2. Dispunha o art. 20, § 1o. da LOAS, em sua redação original, que:
Para os efeitos do disposto no caput, entende-se como família o conjunto de pessoas elencadas no artigo 16 da Lei n° 8.213, de 24 de julho de 1991, desde que vivam no mesmo teto.

3 O art. 16 da Lei de Benefícios, de sua parte, disciplina que: 
São beneficiários do Regime Geral de Previdência Social, na condição de dependentes do segurado:
I - o cônjuge, a companheira, o companheiro e o filho não emancipado, de qualquer condição, menor de 21 (vinte e um) anos ou inválido;
II - os pais;
III - o irmão não emancipado, de qualquer condição, menor de 21 (vinte e um) anos ou inválido.

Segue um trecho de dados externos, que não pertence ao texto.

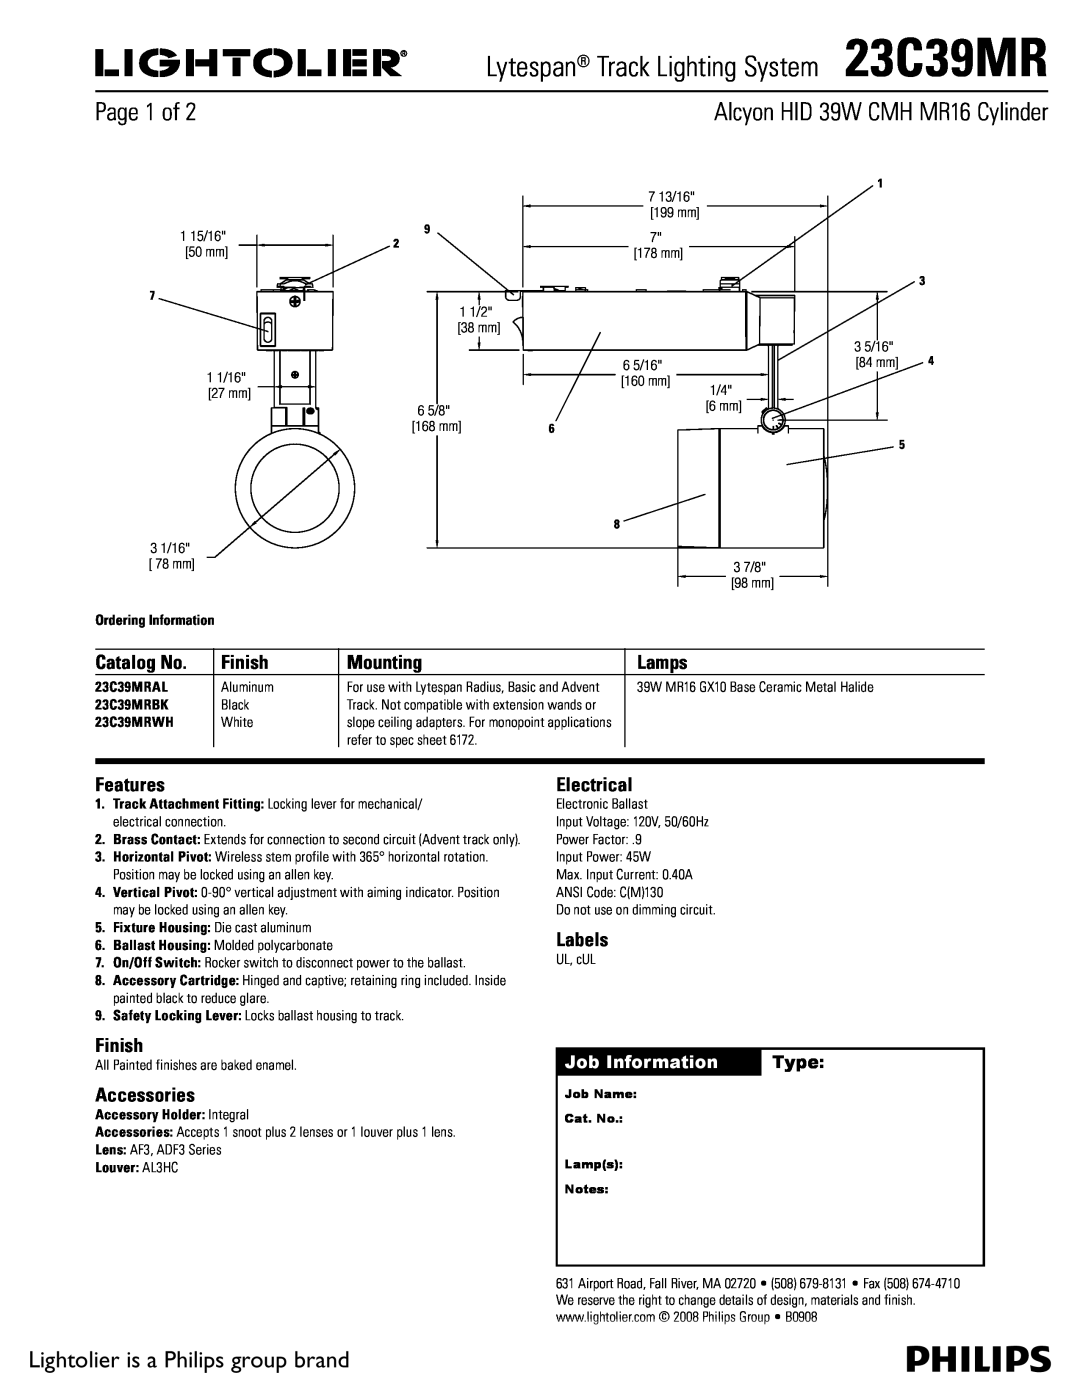 Lightolier manual Lytespan Track Lighting System23C39MR, Alcyon HID 39W CMH MR16 Cylinder, Page 1 of, Catalog No, Lamps

4. A Lei 12.435/2011 alterou o § 1º do art. 20 da LOAS, determinando que:
§ 1º Para os efeitos do disposto no caput, a família é composta pelo requerente, o cônjuge ou companheiro, os pais e, na ausência de um deles, a madrasta ou o padrasto, os irmãos solteiros, os filhos e enteados solteiros e os menores tutelados, desde que vivam sob o mesmo teto. 

5. Com efeito, o conceito de renda mensal da família contido na LOAS deve ser aferido levando-se em consideração a renda das pessoas do grupo familiar que compartilhem a moradia com aquele que esteja sob vulnerabilidade social (idoso, com 65 anos ou mais, ou pessoa com deficiência).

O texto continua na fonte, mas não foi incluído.